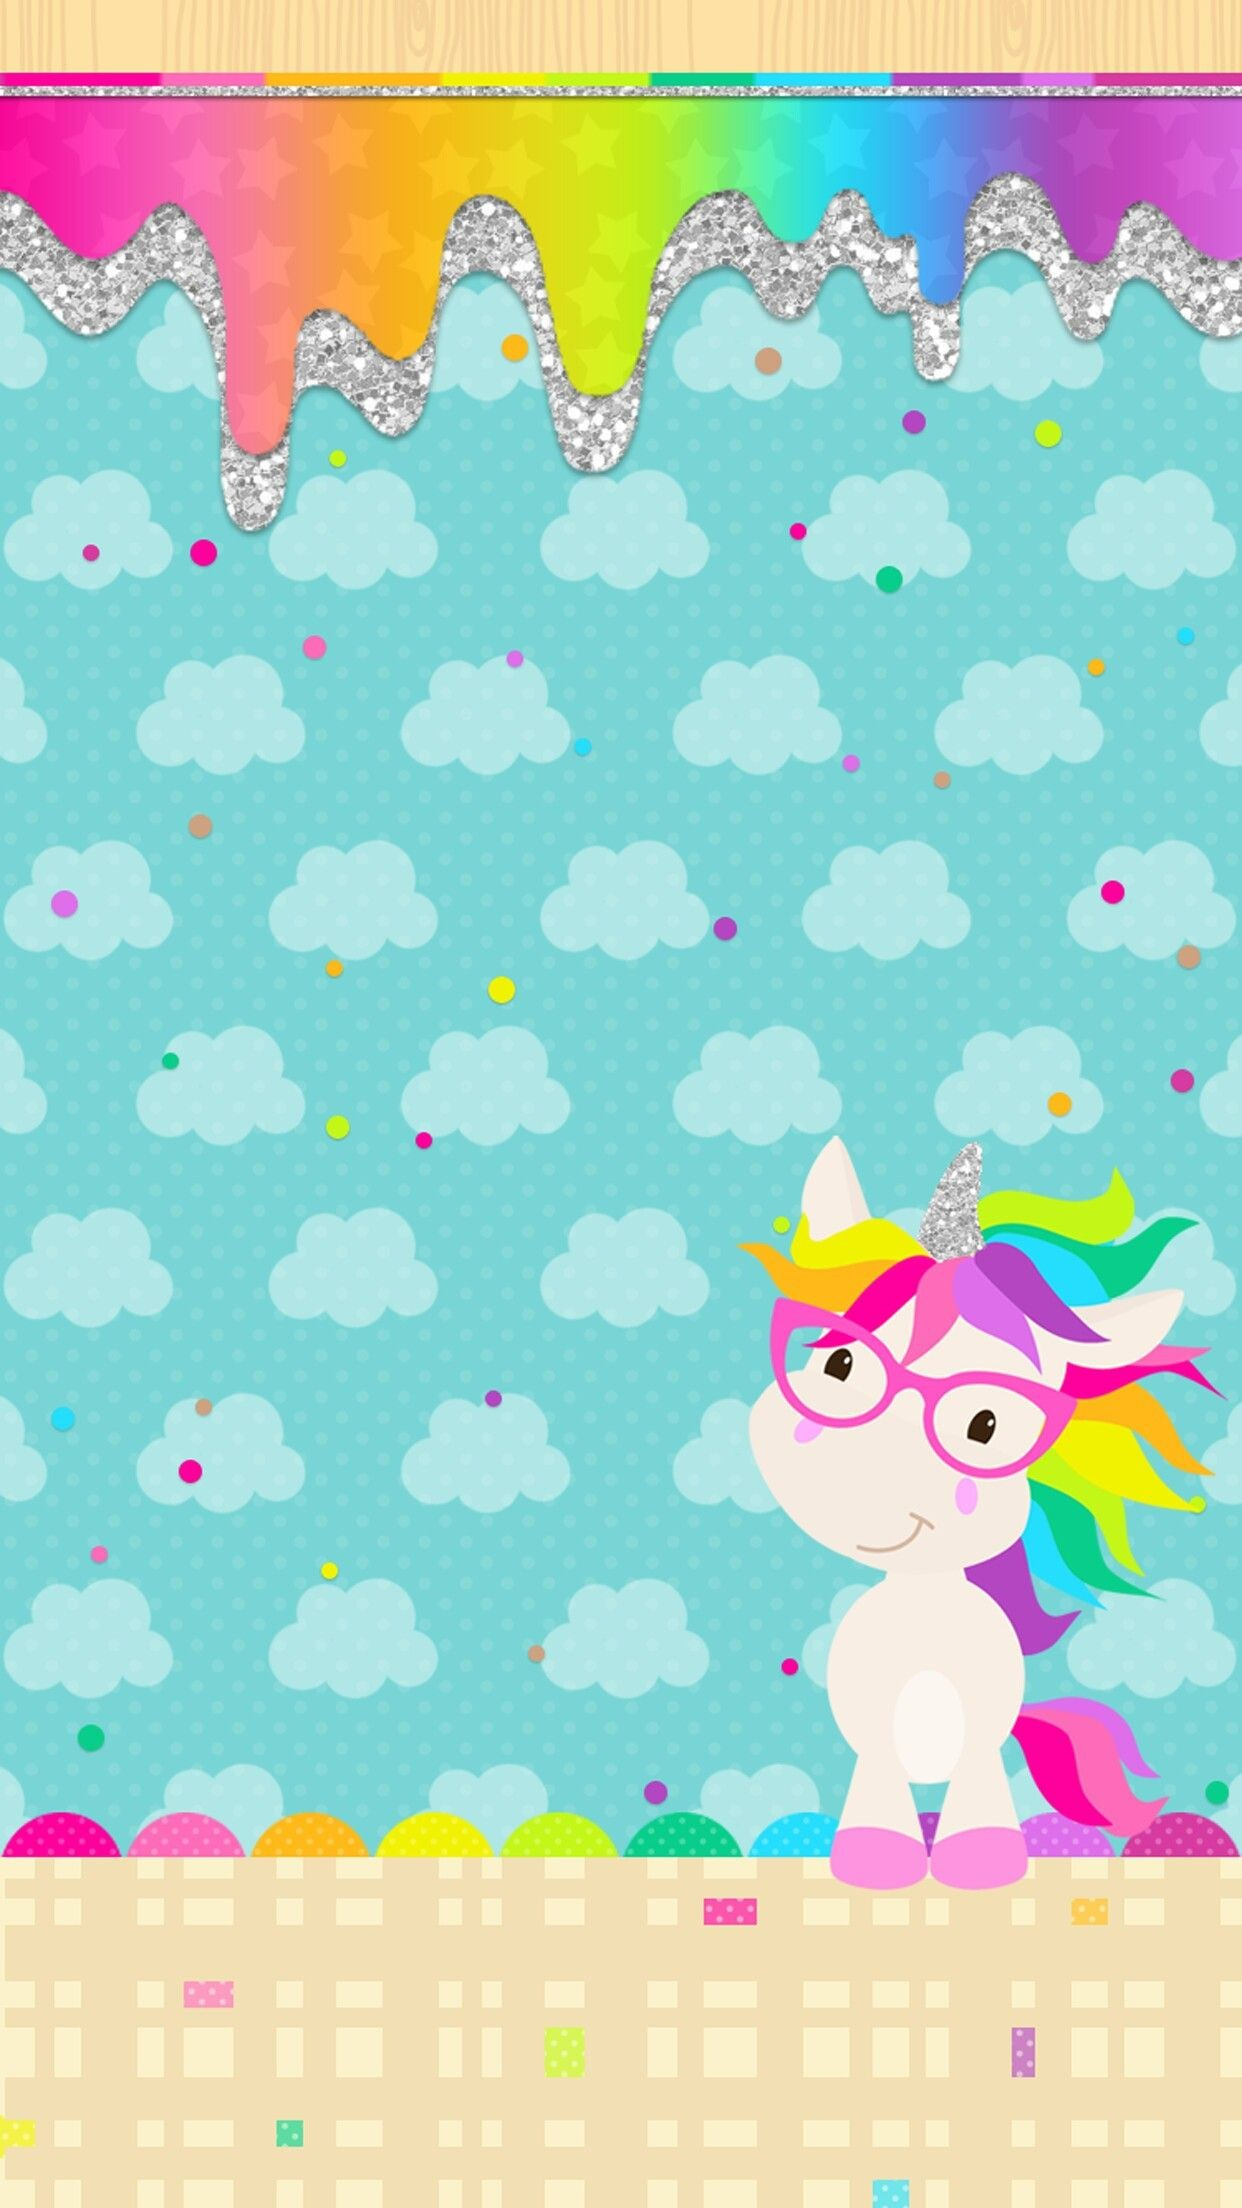 Res: 1242x2208, Cute Unicorn, Unicorn Party, Unicorn Birthday, Cute Wallpapers, Iphone  Wallpapers, Rainbow Wallpaper, Unicorn Wallpaper Cute, Colorful Wallpaper,  ...
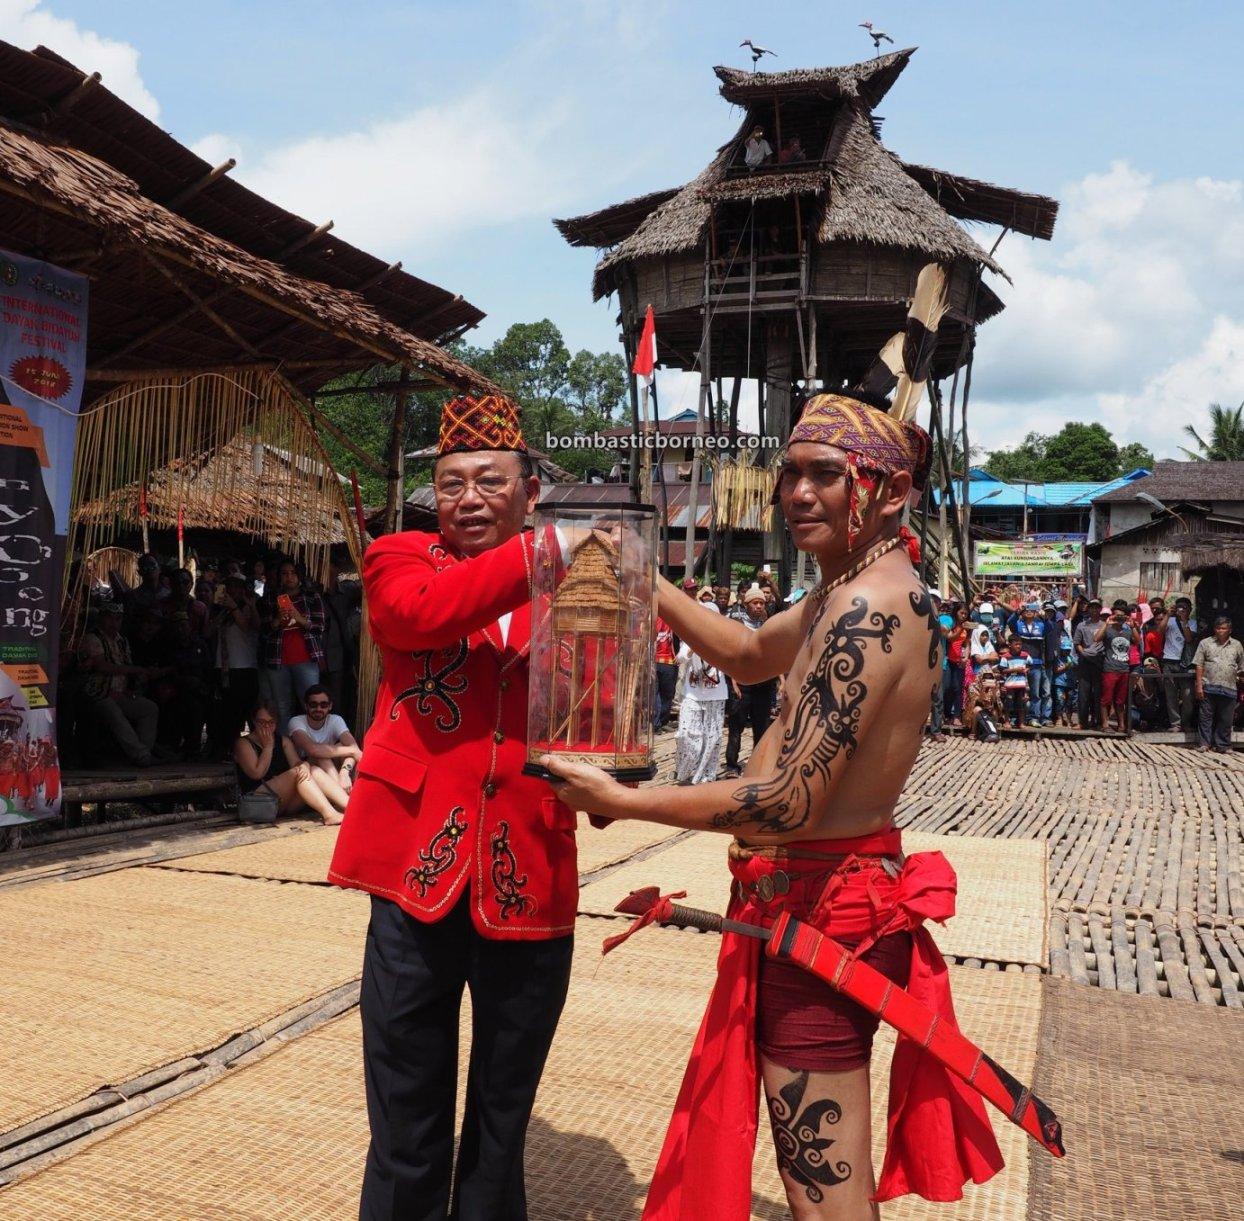 Nyobeng Sebujit, Gawai Harvest Festival, traditional, event, Bengkayang, Indonesia, tribe, native, Rumah Adat Baruk, tourism, travel guide, Trans Border, Borneo, 印尼西加里曼丹, 婆罗洲达雅丰收节日, 比达友族部落
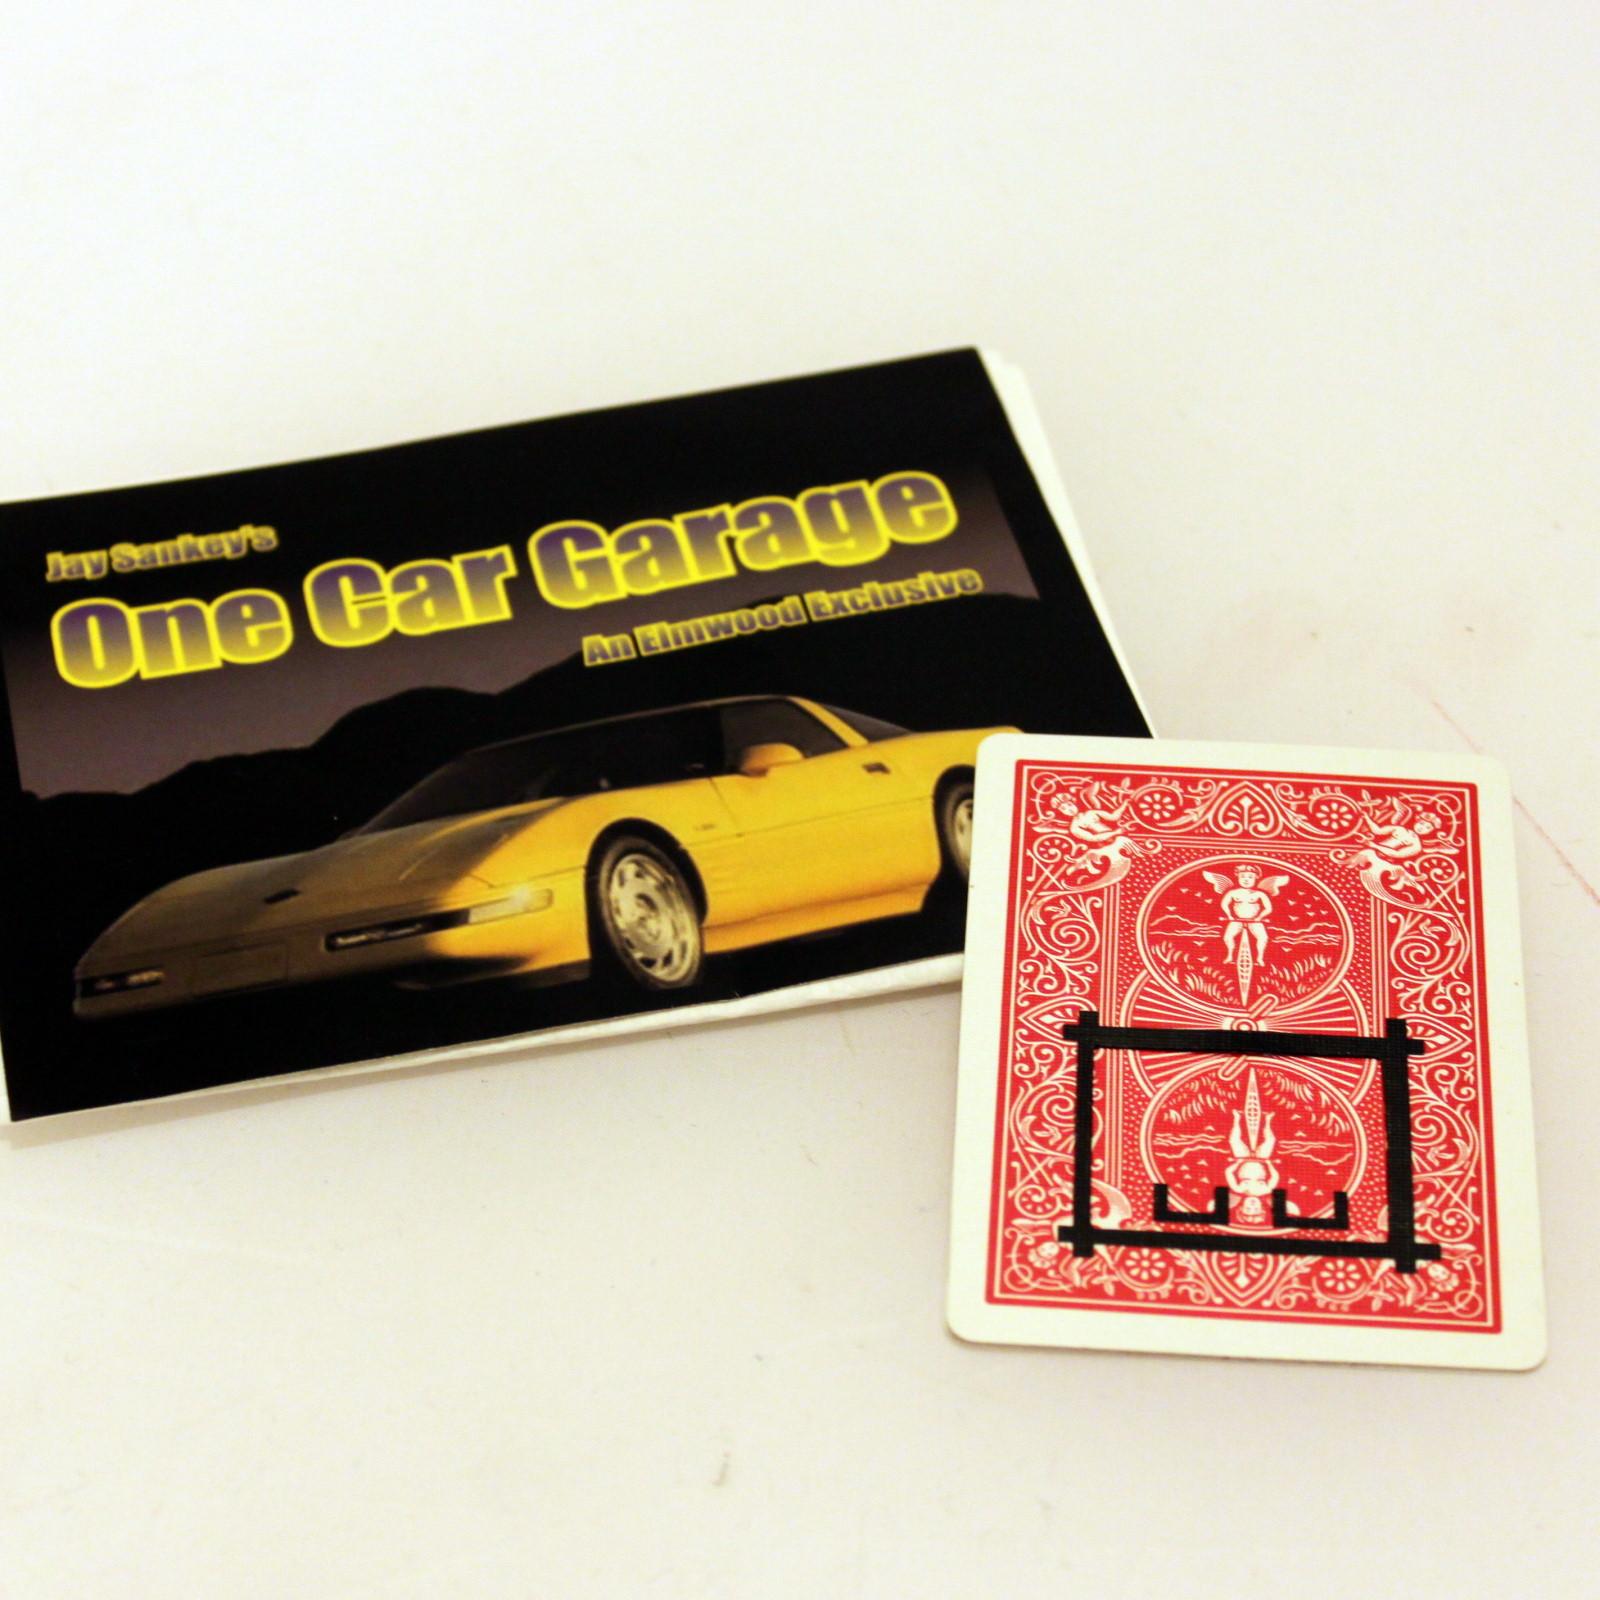 Once Car Garage by Jay Sankey

*ASSIGNMENT*. With the pictures removed, write the listing out word for word.

*COMPLETED EXERCISE*.
 Res: 1242x2208, Cute Unicorn, Unicorn Party, Unicorn Birthday, Cute Wallpapers, Iphone  Wallpapers, Rainbow Wallpaper, Unicorn Wallpaper Cute, Colorful Wallpaper,  ...
 Nyobeng Sebujit, Gawai Harvest Festival, traditional, event, Bengkayang, Indonesia, tribe, native, Rumah Adat Baruk, tourism, travel guide, Trans Border, Borneo, 印尼西加里曼丹, 婆罗洲达雅丰收节日, 比达友族部落
 Once Car Garage by Jay Sankey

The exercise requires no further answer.